Well it could be impaction and that she was just pushing so hard that she had a prolapse. If it is still sticking out keep it moist keep her in a rubbermaid with damp paper towels lining the bottom. Also give her a bathe too. The only other advice I have is to see a vet.


----------



## Jefroka (Jan 27, 2010)

pottymouth said:


> well i have cypress mulch and eco earth blended.Is impaction a possibility?



Yes, impaction is quite possible. I removed most of Beauregard's cypress (because he was eating it and passing large pieces in his feces) & replaced the big stuff with pine bedding, top soil, cocofiber, and
sphagnum moss.

Many others on here have also reported that their gus were also eating cypress.


...Jefroka


----------



## pottymouth (Jan 27, 2010)

ok so i emptied her cage of the substrate and added paper towels dampened and a few hides she is still fine as in eating and basking she never really likes baths can't even get her in 1 for more than 3 minites here are some pics of the area.

















it looks as though it is only the flap of the cloaca.

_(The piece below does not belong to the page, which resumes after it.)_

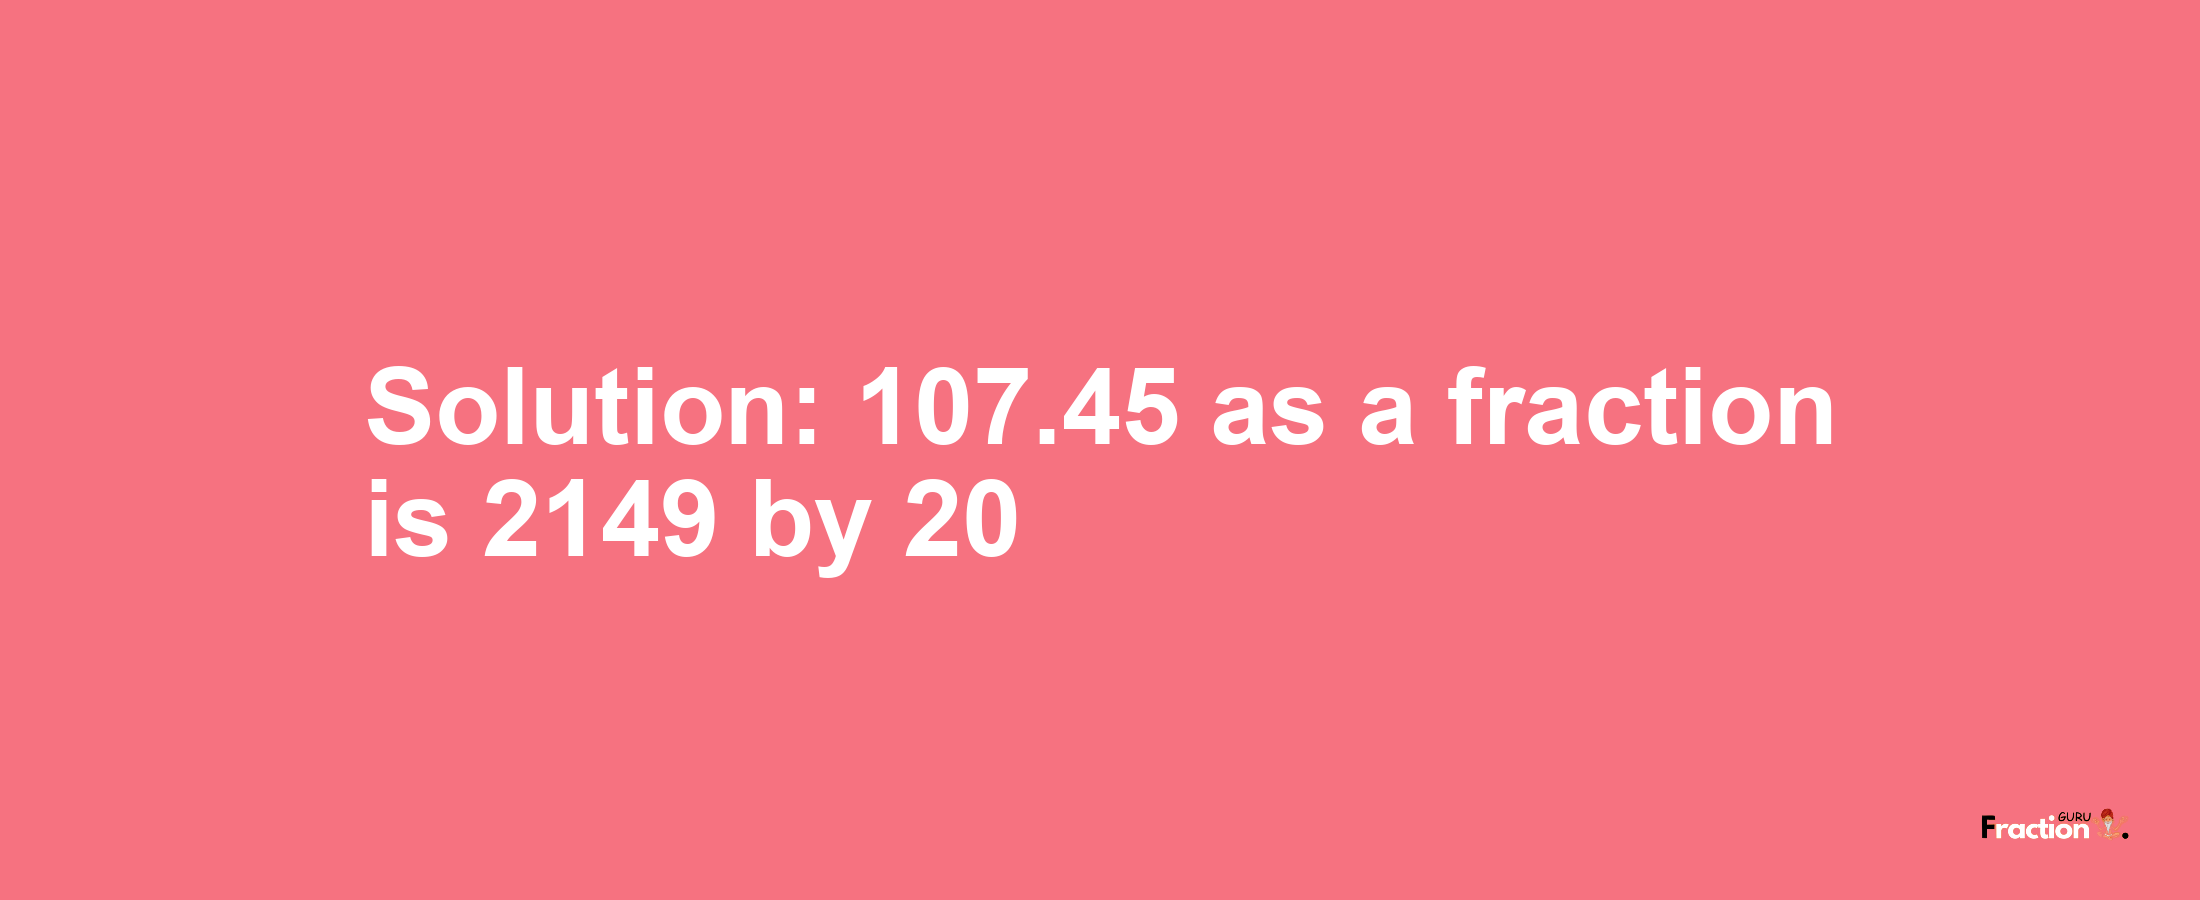 Solution:107.45 as a fraction is 2149/20

her cage before i removed everything






also her lip on this side does a little over hang idk if you can see!






again thanks.


----------



## Pikey (Jan 27, 2010)

OK DONT USE THE PINE BEDDING!!!!!!!!!!!!!!!! that will KILL her


----------



## pottymouth (Jan 27, 2010)

I am not using pine jefroka said he was


----------



## Pikey (Jan 27, 2010)

ok sorry


----------



## Jefroka (Jan 27, 2010)

Pikey said:


> OK DONT USE THE PINE BEDDING!!!!!!!!!!!!!!!! that will KILL her



You may be thinking of pine plywood as something bad, its been mentioned before as being bad, which of course is not true.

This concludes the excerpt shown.